BASF’s expansion was smaller-scale and occurred earlier in the year, but when all are added together, the capacity expansion amounts to a nameplate increase of 140,000 tonnes/year.

Some sellers are not certain that the additional expansions will automatically drive down prices, as demand is expected to grow and any lengthening will depend on the business strategy that each player takes in relation to either maintaining or trying to gain market share.

According to one producer, Europe has been structurally oversupplied for some years now and the impact of additional capacity could be more sentimental than real.

“UBE and Grupa [Azoty] are there… But will it be more of a psychological impact than anything else. Overcapacity has always been there,” the producer said.

A second producer, however, was more bearish on the matter.

“[I’m] rather pessimistic on nylon 6… I see the market has too much material, especially now with the new plants… Capro producers are complaining but I see no other way out, they shifted the overcapacity problem from capro to nylon 6,” it said.

“If capacity has increased by 20%, of course we can’t complain if margins are going down,” it added.

The continuing expansion of nylon 6 in Europe is partly being driven by the structural overcapacity in the upstream caprolactam (capro) market.

As China rapidly added capro capacity over the last half-a-decade, and is expected to become virtually self-sufficient by 2018, fewer and fewer flaked capro volumes have been available for exportation.

Many capro producers, therefore, decided to build more nylon capacity, which has effectively shifted the problem of (historic) structural oversupply downstream.

BASF, however, decided to also consolidate its capro position by closing, either partly or in whole, four of its capro lines, reducing its nameplate capacity in Europe by 100,000 tonnes/year, or 20% of its total.

The process began in 2016 and is expected to be concluded in Q1 2018.

Adding to this structural issue, upstream benzene volatility through much of 2017 has concerned some players.

Although upstream costs do not always dictate price levels compared with supply/demand dynamics, triple-digit movements have made passing on costs downstream problematic during months where fundamentals fail to correspond.

“Upstream benzene volatility is causing more harm than opportunities in the nylon market,” one nylon compounder said.

If volatile upstream costs help push-up the price of nylon too much, despite lengthening supply, some players worry that customers could look to alternative products for certain applications.

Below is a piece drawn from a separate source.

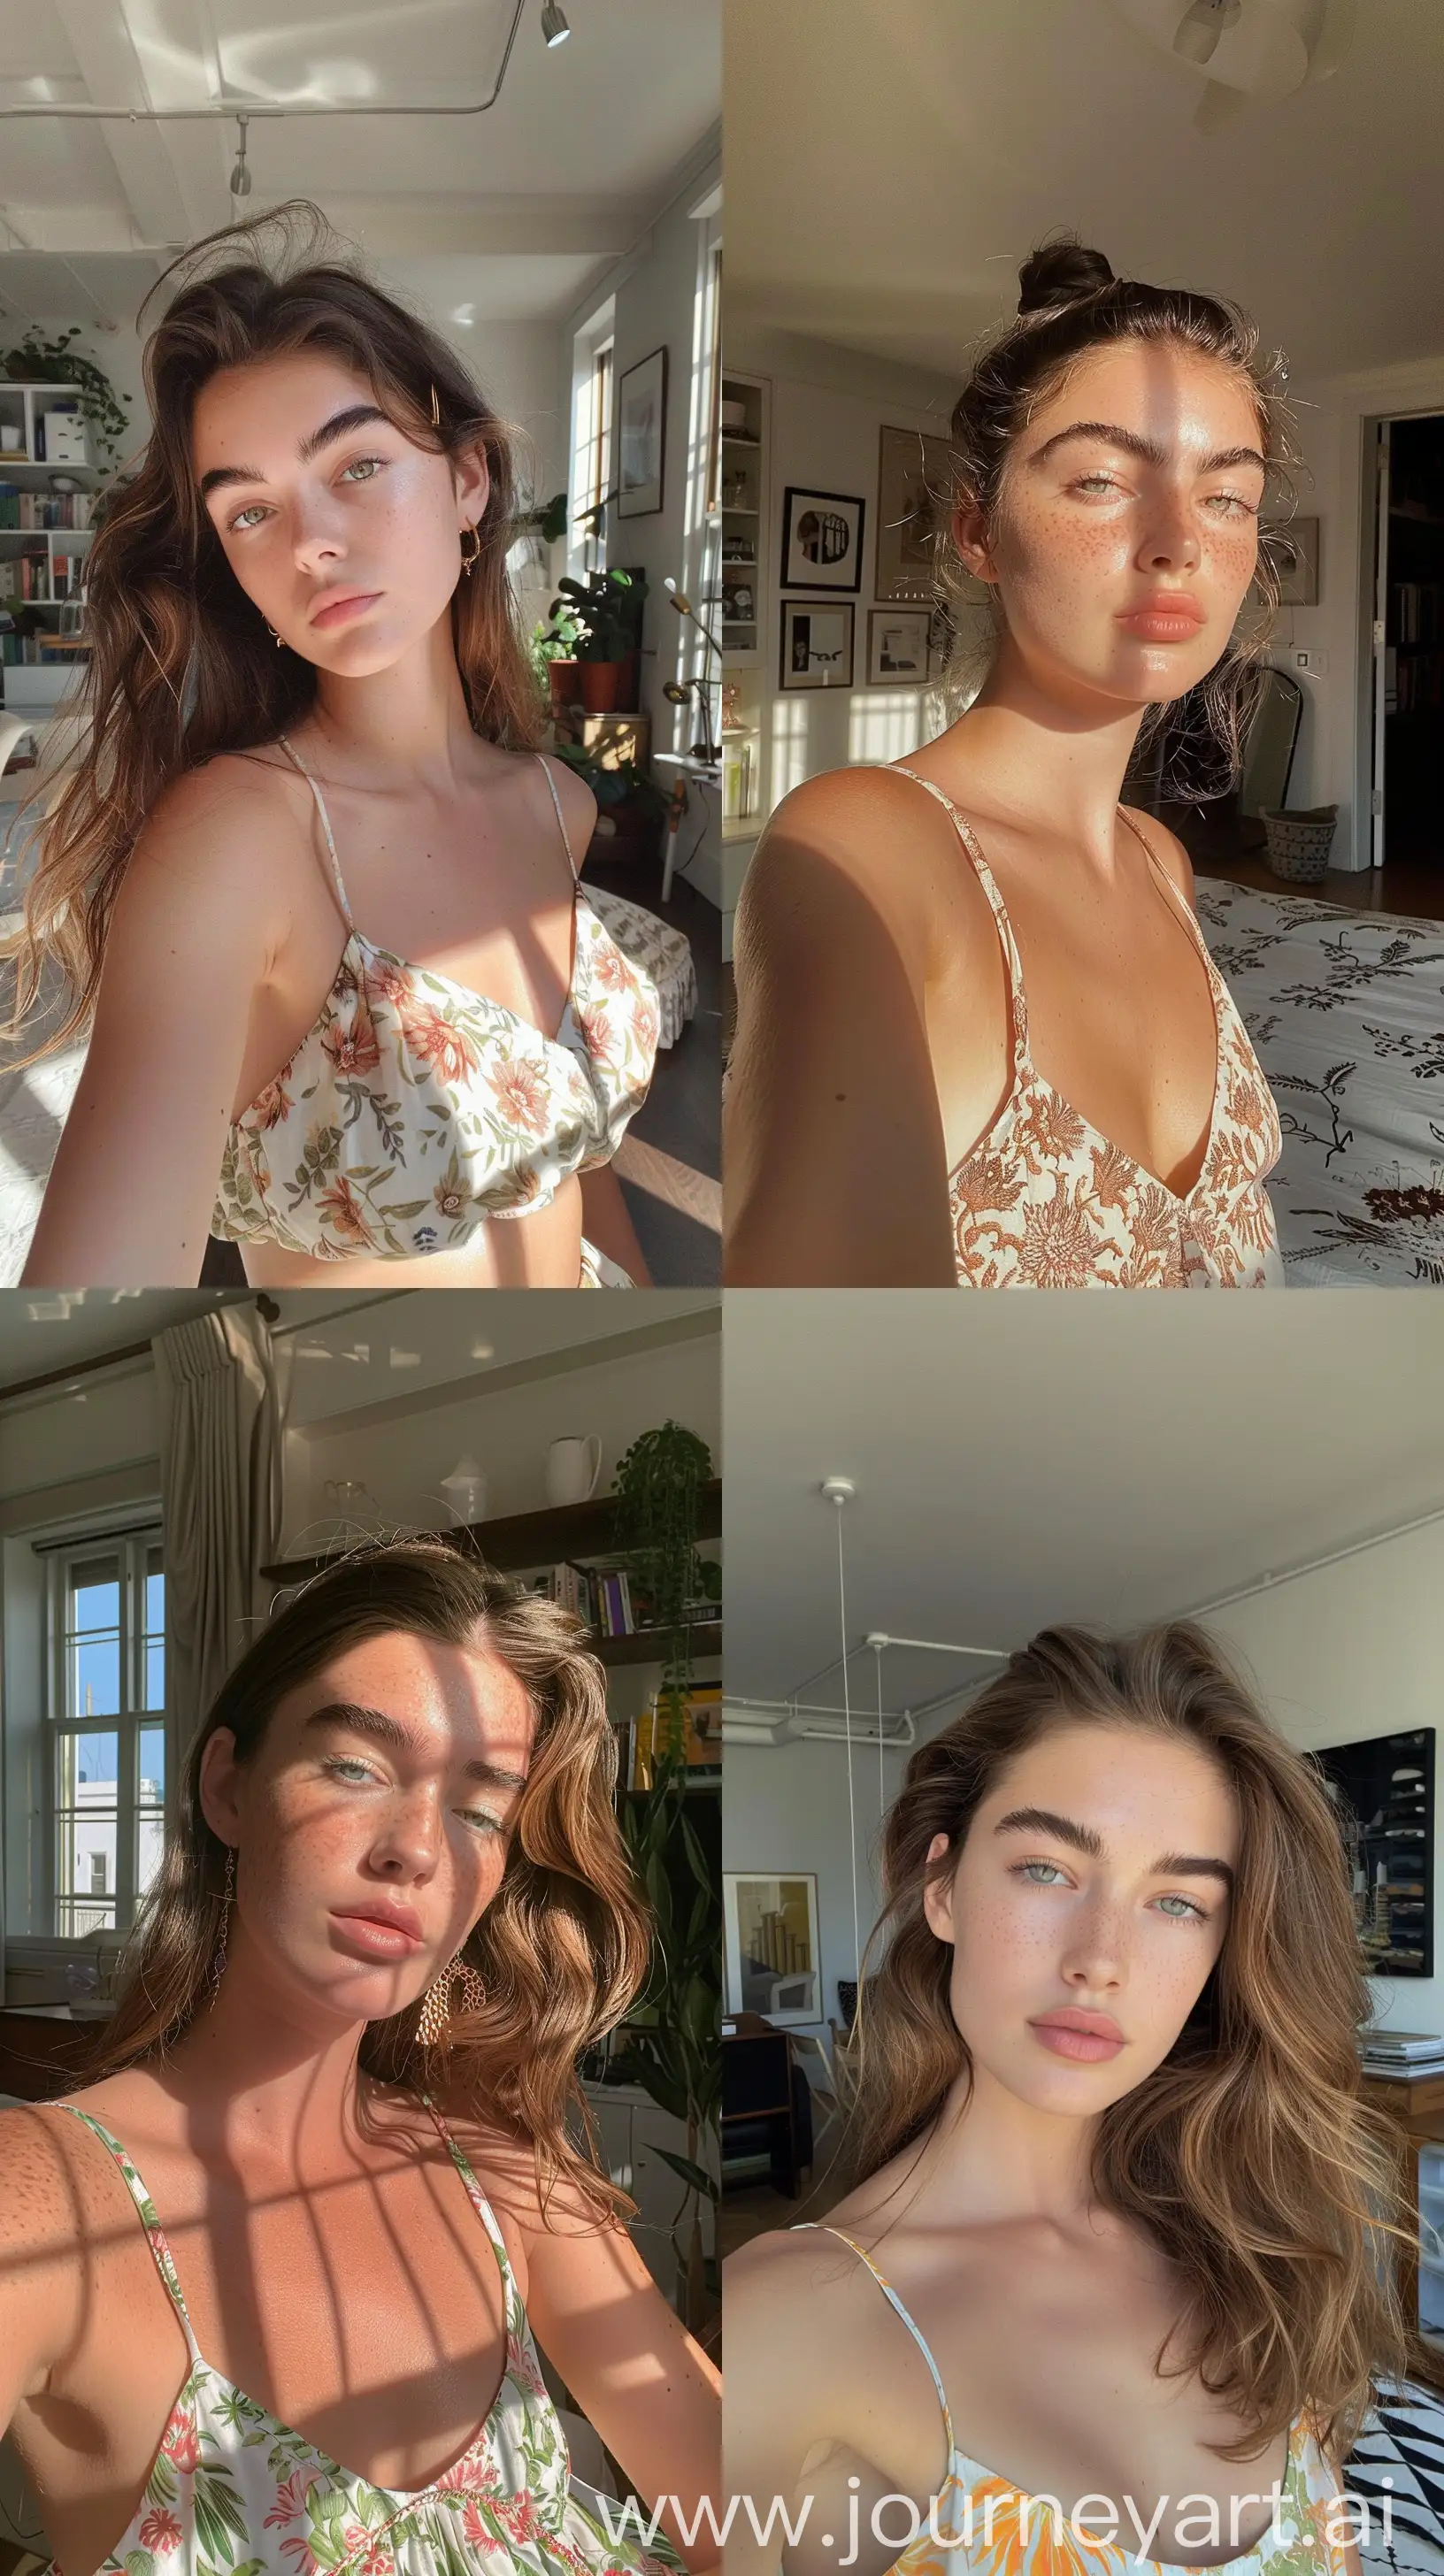 Stunning-Summer-Selfie-Teen-Model-with-Bushy-Eyebrows-in-New-York-Apartment
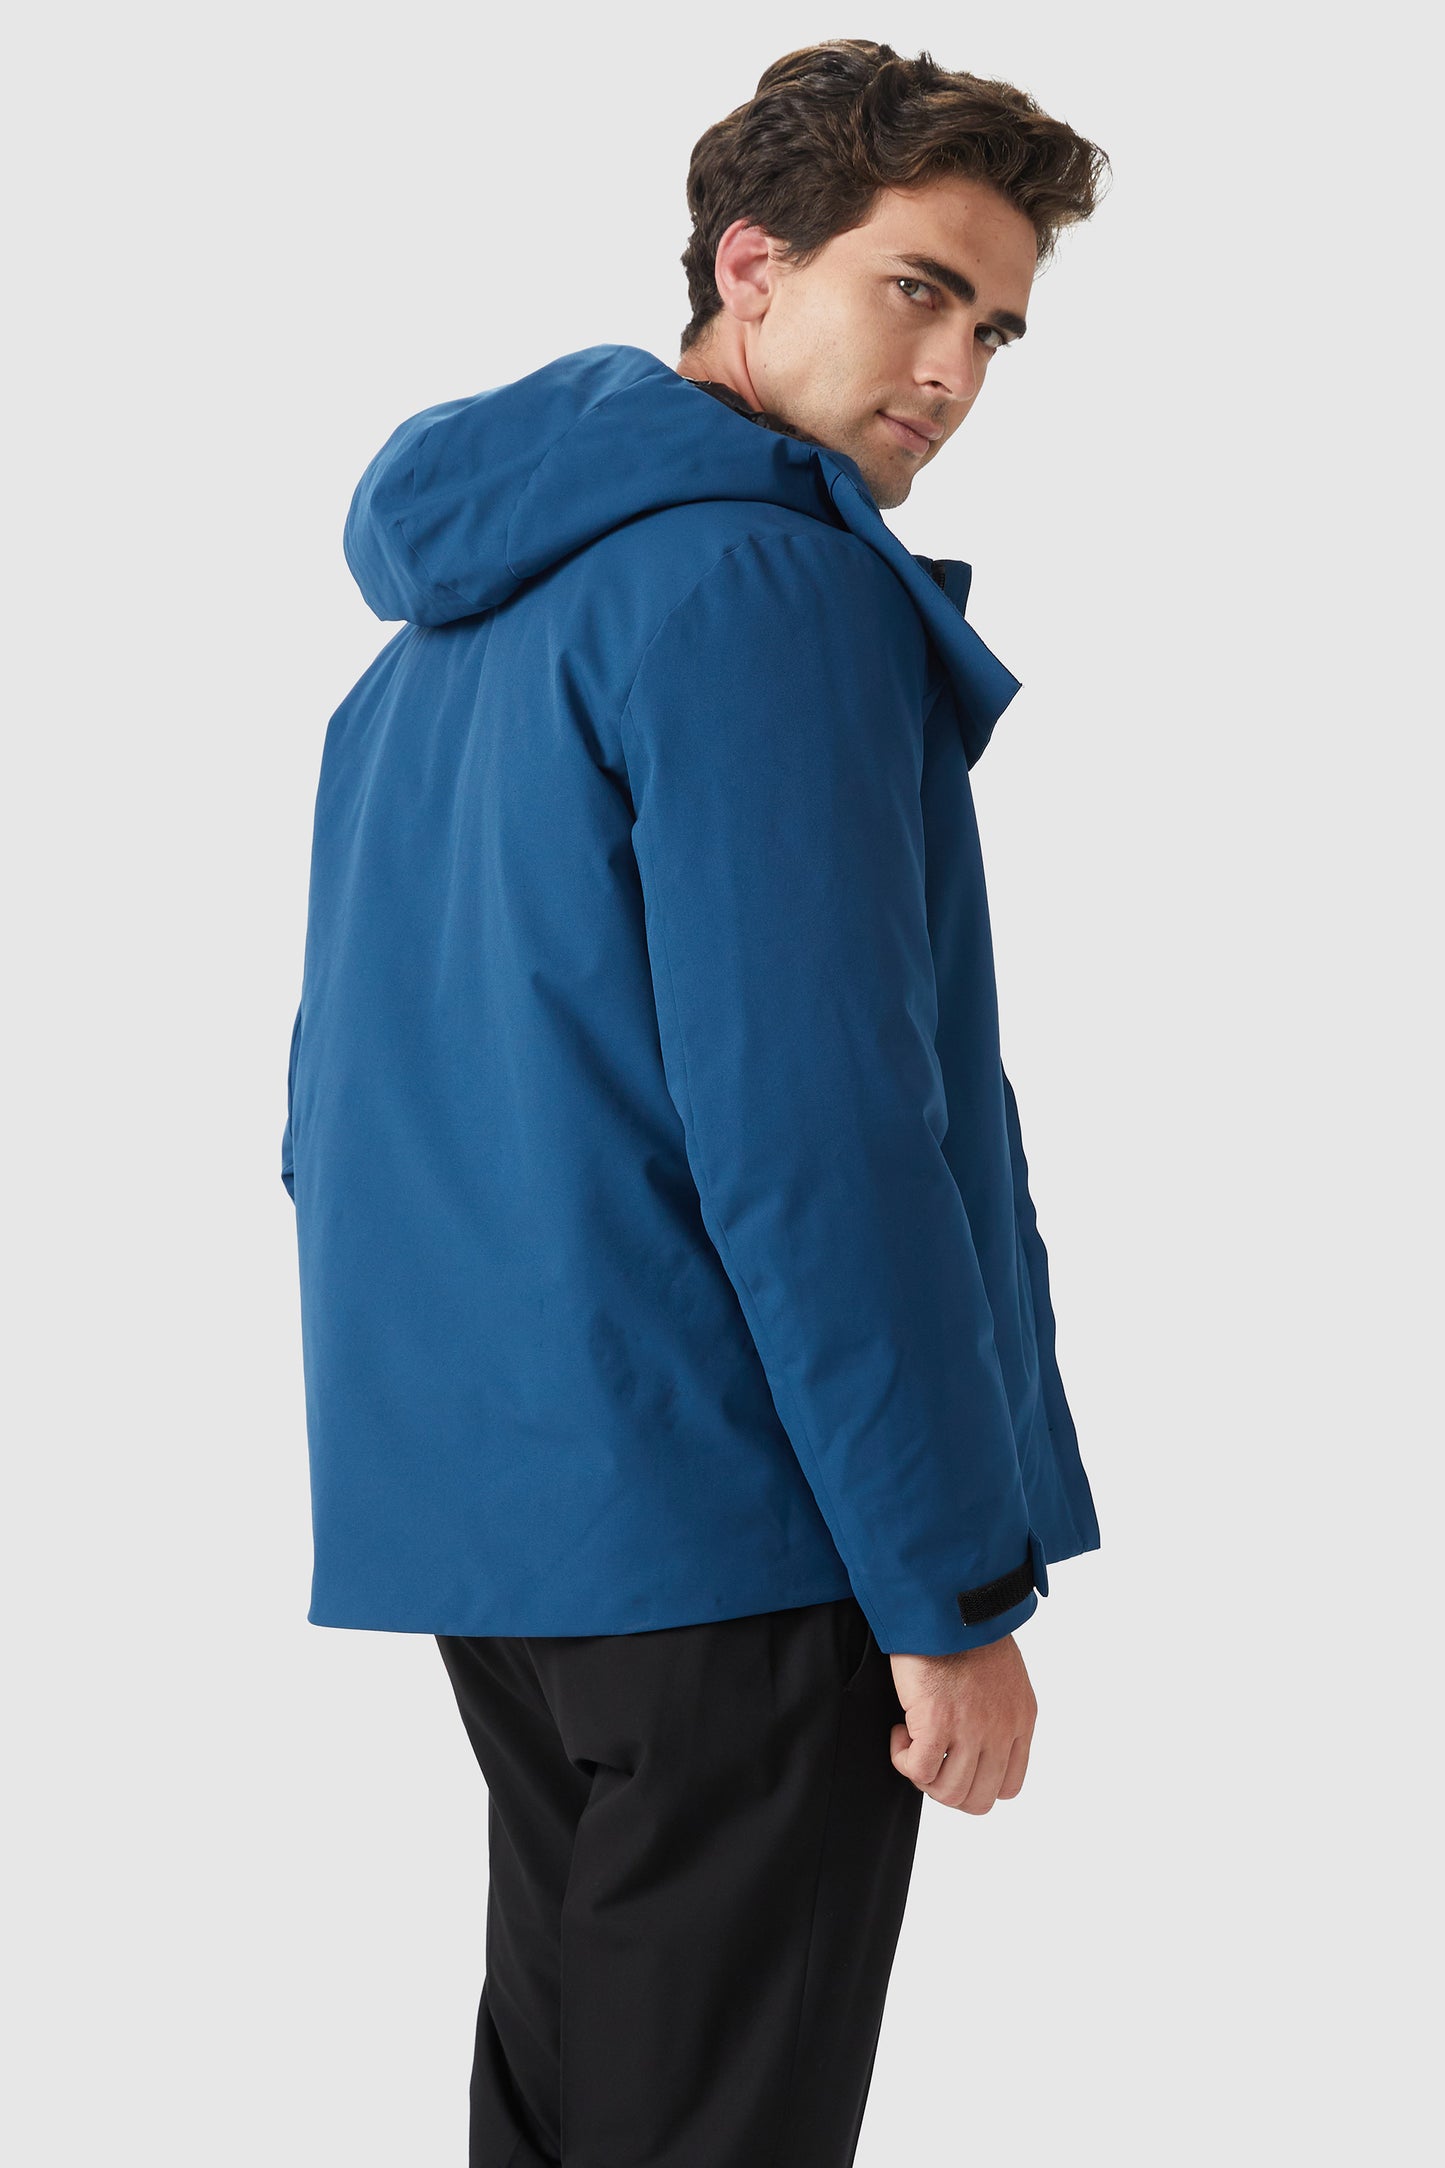 Waterproof Winter Jacket with Hood

Despite a mostly bearish outlook in the long-term for many players in Europe, the shot-term impact of much anticipated tightening capro supply in China amid strong demand and upstream plants being shut down or asked to run at reduced rates for environmental purposes, could lead to price hikes in Q1 2018, as occurred at the start of 2017.

Some players expect that if prices trend higher in Asia, an arbitrage window could open and capro players in Europe could export material to China, leading to tightening supply domestically and thus higher prices, although whether this occurs remains to be seen.

Nylon, also called polyamide, is used mainly in fibre and engineering polymer applications. Nylon fibres are used in apparel, carpets and home furnishings. Nylon engineering resins are used in automotive parts.